I know, I know, all I write about are my road adventures. I have nothing else to write about. This is my life right now. I mean I go home for three days a week, but so far those have been spent cleaning, doing laundry and taking care of a sick husband (men are not good sick people, by the way).
Last week I finished out the week in Myrtle Beach, South Carolina. Before I reached Myrtle Beach though, I had to stop (and stay) in Goose Creek, South Carolina. The name says it all, doesn’t it? Up to that point all of my lodging accommodations had been decent. The streak had to end somewhere though, and it did in good ol’ Goose Creek. The first sign that you might be staying in the ghetto is when you have to access your room from the outside. I’m telling you; this is never a good sign. The second indication would be a sign like this:
This is the politically correct way of saying, “Don’t steal our shit.” It’s also a very good indication you are staying in the hood. The third indication is a shower head that feels like a fire hose.

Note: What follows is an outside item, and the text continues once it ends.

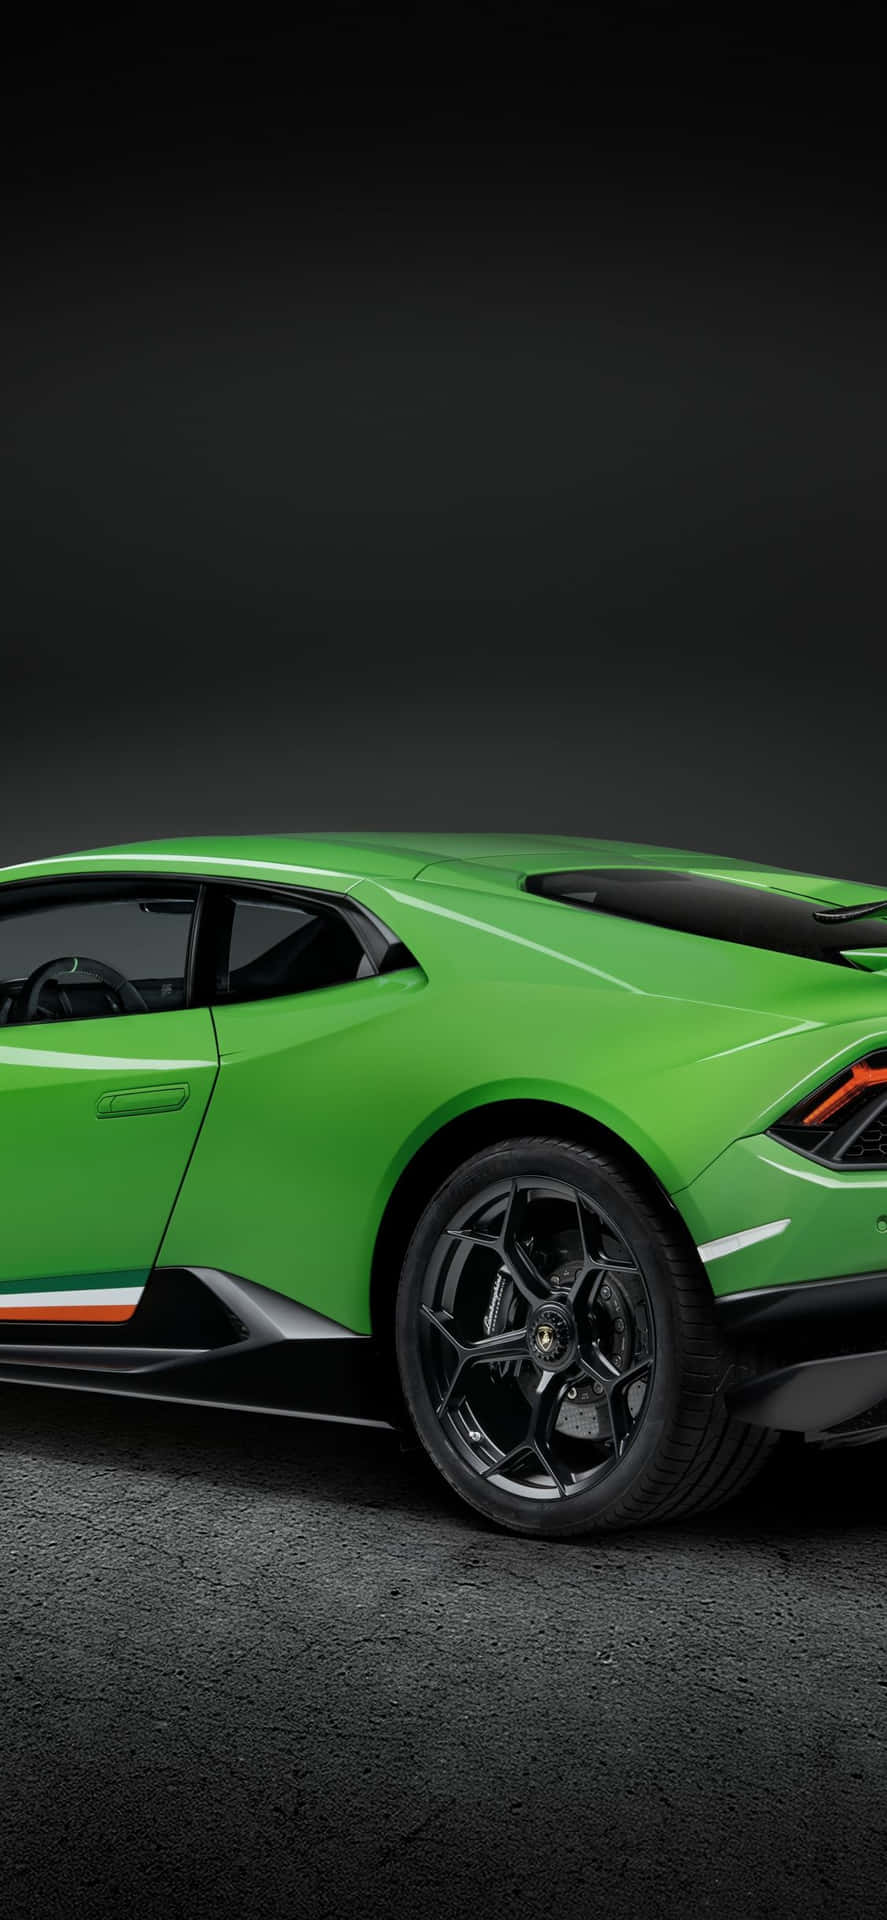 “Take a ride in style with the green Lamborghini iPhone” Wallpaper
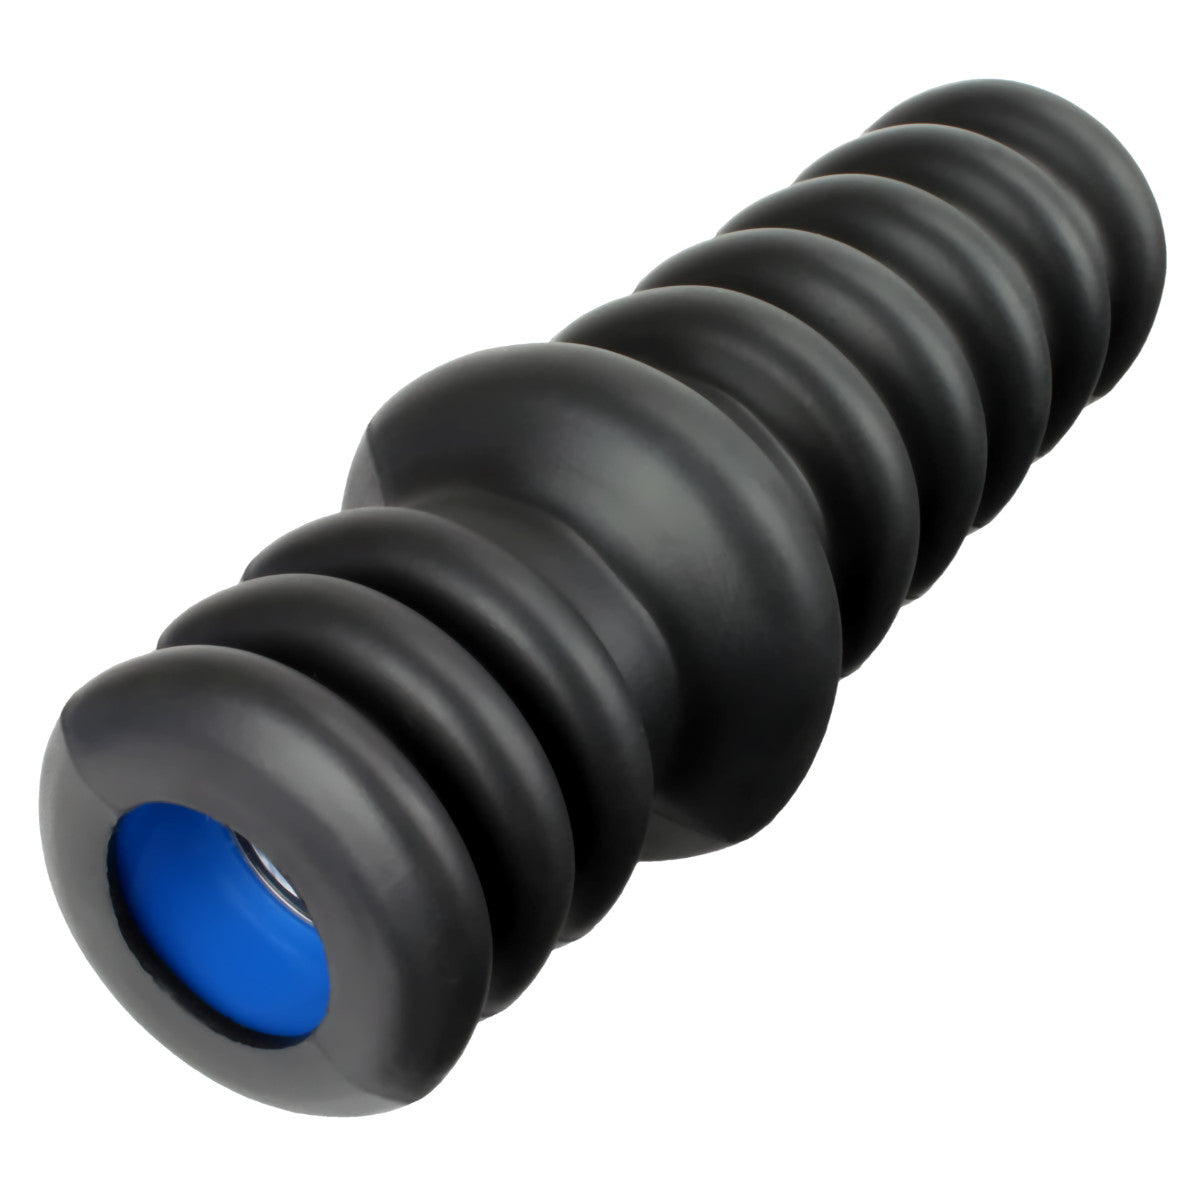 LoosenUP ribbed firm-density foam roller for use with DoubleUP frame

I kid you not. I was almost positive I would have welts afterwards. I have never wanted a shower to end more in my life.
I made it out of there alive, but just barely. I nearly died again when I was forced to run through the Atlanta airport (busiest airport in the United States) to catch my connecting flight. Why in the hell would Delta book you on a flight in which you have a total of 36 minutes between flights… in Atlanta?! Luckily I made it just in time to see the pilot boarding the plane looking really pissed. This will make even the most frequent flyers nervous.
I realized why he was pissed later when he announced that it would be some time before we could take off as, “they were making them take a different route, adding time to the flight and requiring that more fuel be added to the plane.” So there we sat for an hour while the dude behind me threw up into a garbage sack. Yep, that really happened. He spent most of the flight in the bathroom, but when he wasn’t in the bathroom, he was shaking and dry heaving directly behind me. I did a lot of breathing into my neck pillow. Listen, I felt bad for the guy. I’ve been on the verge of vomiting on a number of occasions flying, but none of them were because I had the flu. Motion sickness isn’t contagious.
Right now I’m in Columbus, Ohio, but I’ll be ending my day in Buckhannon, West Virginia. Who wouldn’t want to go to a place called Buckhannon? I know, don’t be jealous.